## REQUIREMENT
An exact retyping of all lines below is the answer; pictures do not belong in it.

(Beginning of INPUT DATA)

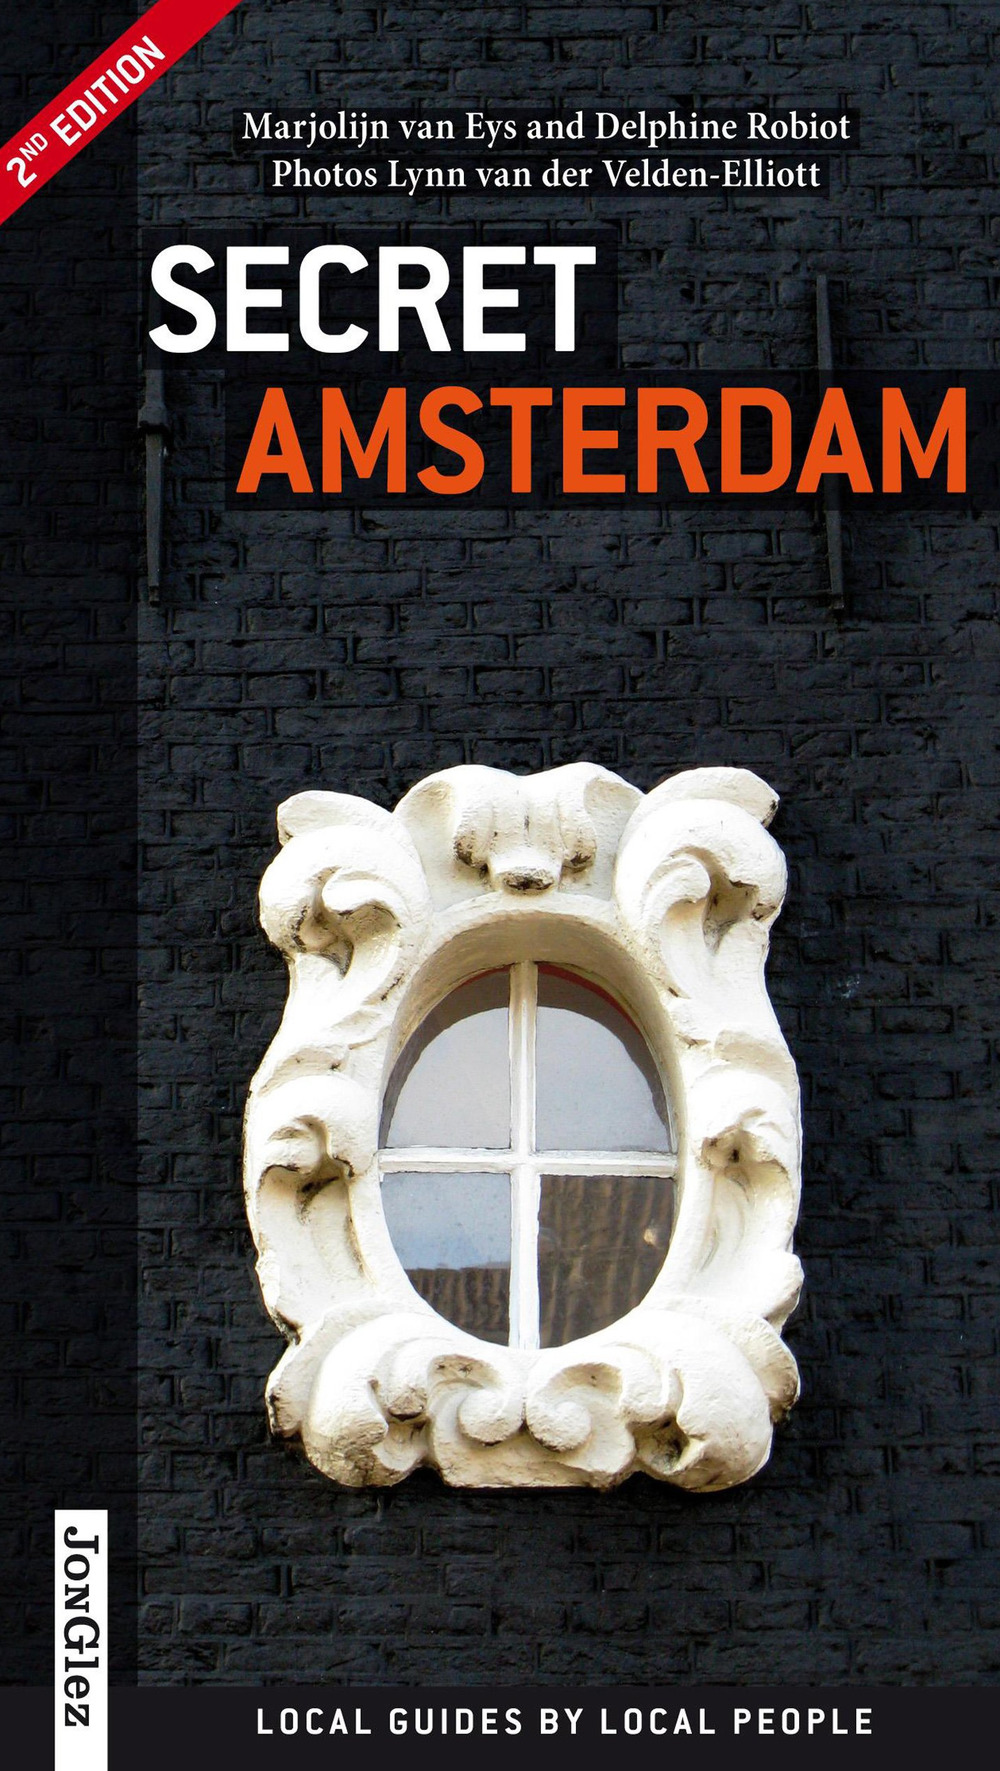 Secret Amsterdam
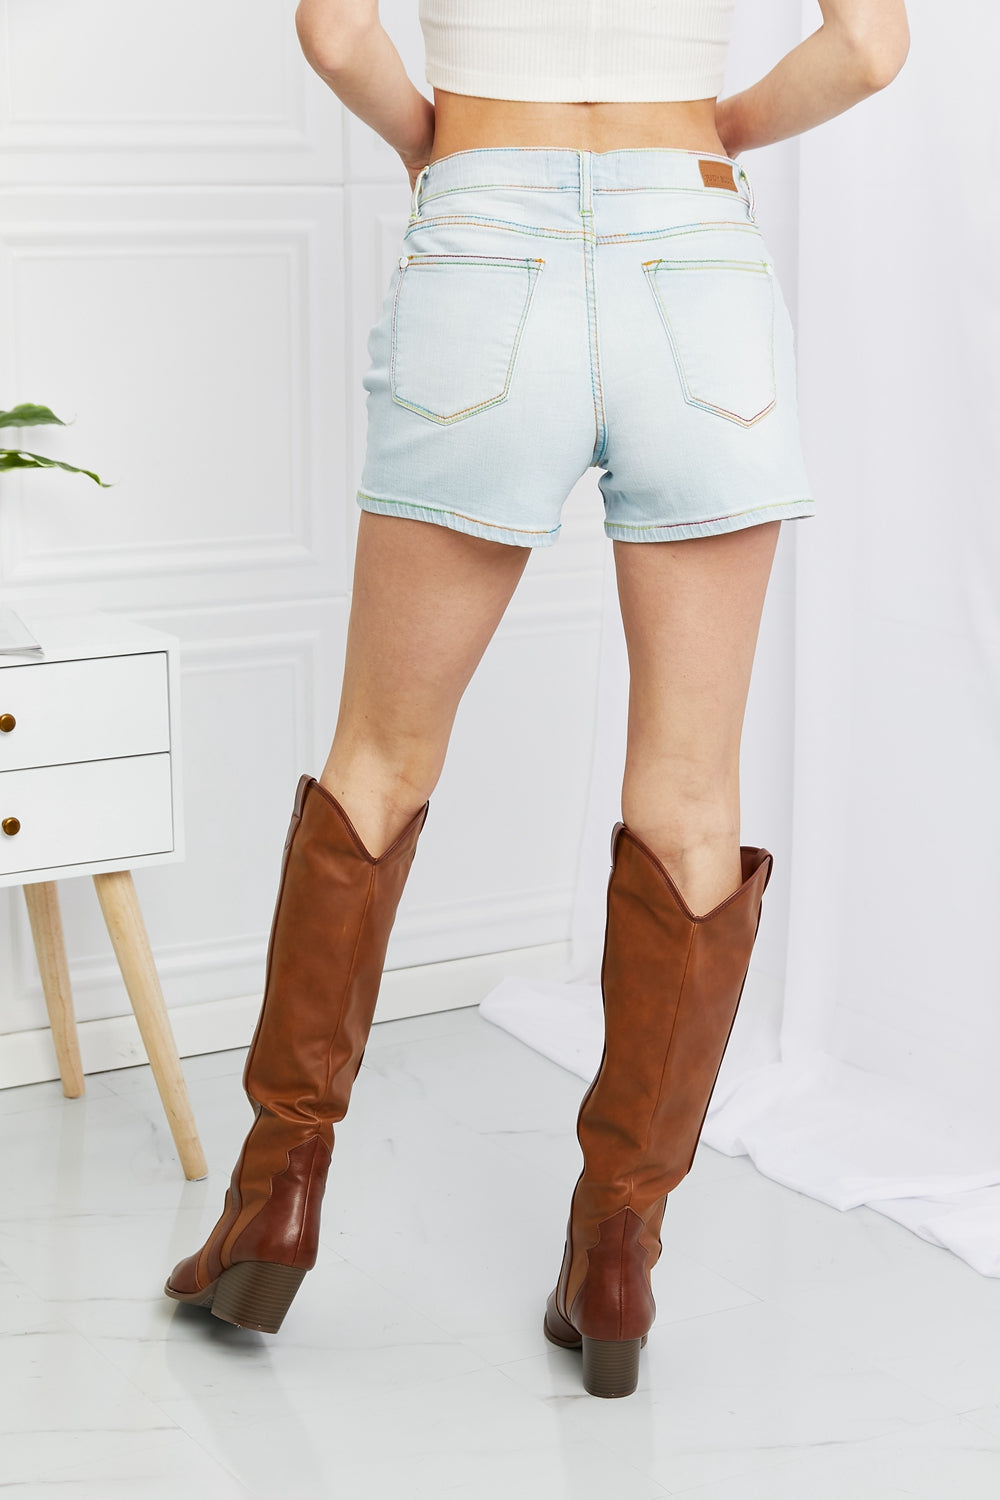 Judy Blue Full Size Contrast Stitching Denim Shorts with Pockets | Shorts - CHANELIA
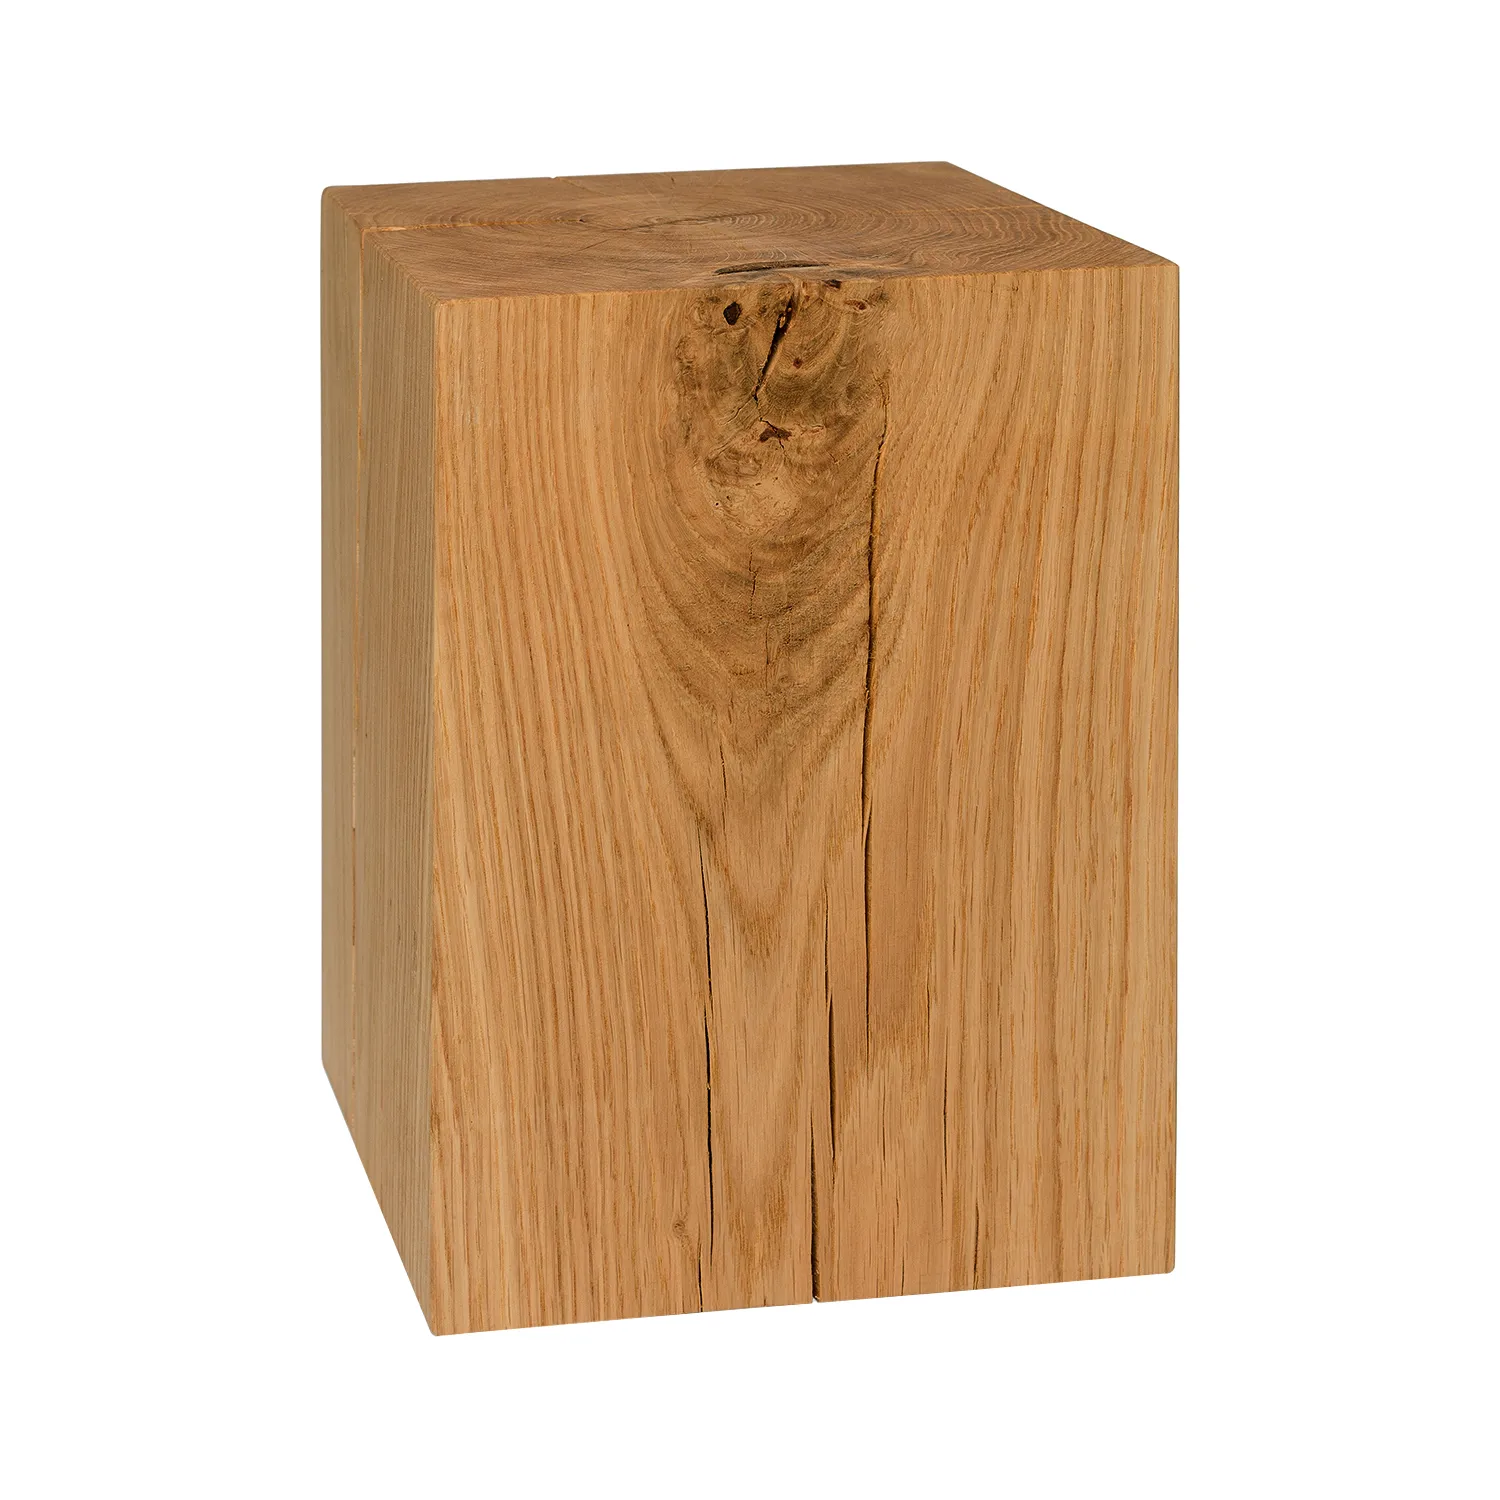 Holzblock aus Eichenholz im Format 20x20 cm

(End of INPUT DATA)

## TASK RESPONSE
 Secret Amsterdam
 Judy Blue Full Size Contrast Stitching Denim Shorts with Pockets | Shorts - CHANELIA
 Holzblock aus Eichenholz im Format 20x20 cm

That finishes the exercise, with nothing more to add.